1. Poverty is becoming individualized. Haswell (1975) terms it 'institutionalization' of poverty. New power groups in the villages (traders, money lenders), often lack the responsibility of traditional patron-client relationships.
2. There is a trend towards individualization of land tenure (Kohler 1968), though in most areas it is not recognized by law. Usufructuary rights to the use of land are increasingly being rented, purchased, and pledged, particularly where population pressure is becoming increasingly heavy (Raynaut 1976; Smith et al. 1994).
3. The traditional systems of communal and reciprocal labour are being replaced by labour paid in kind or, increasingly, in cash, by the job or by the day (Unité d'Evaluation 1978). Even the navetane system, strongly associated with the cultivation of cash crop groundnuts in Gambia and Senegal, is becoming increasingly monetized.

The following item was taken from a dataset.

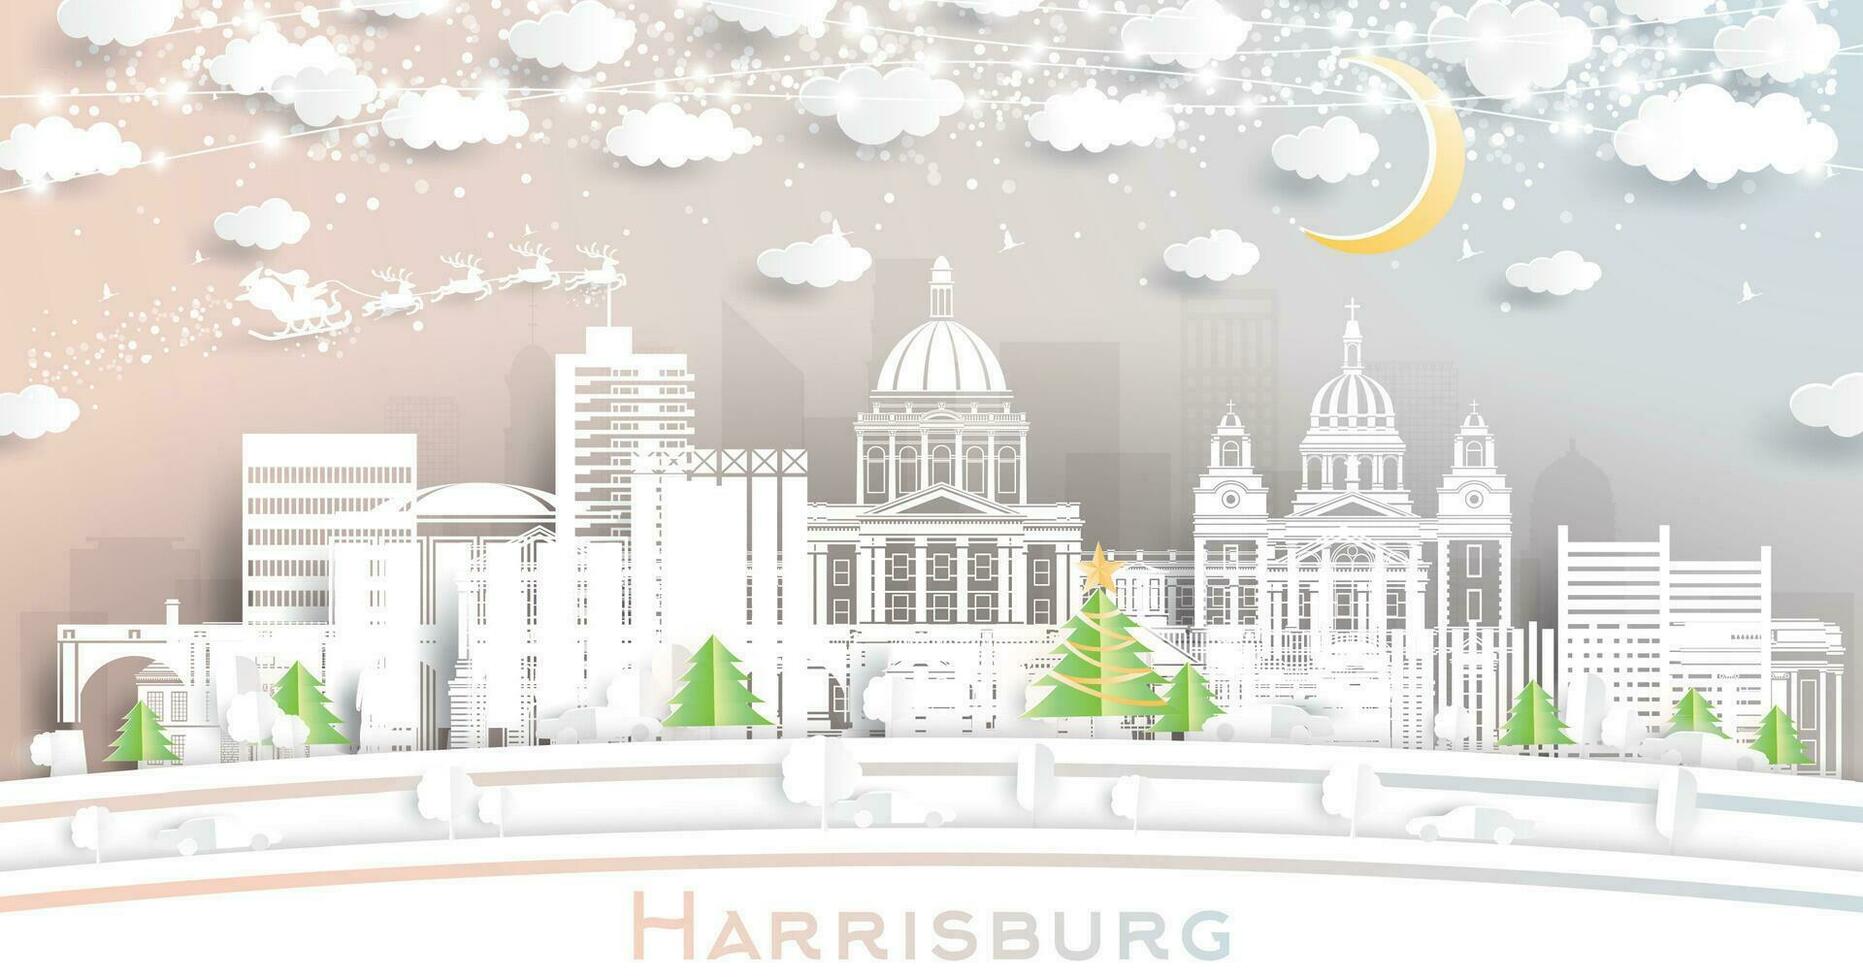 Harrisburg Pensilvania EE.UU. invierno ciudad horizonte en papel cortar estilo con copos de nieve, Luna y neón guirnalda. Navidad, nuevo año concepto. Papa Noel noel Harrisburg paisaje urbano con puntos de referencia vector

In spite of rapid social changes, traditional hierarchical structures still influence village life so village leaders should be involved in the introduction of agricultural change. It is important, however, that inequalities in living standards within a village are not increased by reinforcing traditional social power with newly-attained economic power.
Unless government makes explicit efforts, common property resources are likely to deteriorate (Jodha 1986) and not be managed for the benefit of the community as a whole. However, it is argued later that community action, control, and regulation need to be increasingly emphasized in strategies to protect common property resources (including grazing land, woodlots, wildlife, water) (FAO 1993) and in controlling degradation and erosion.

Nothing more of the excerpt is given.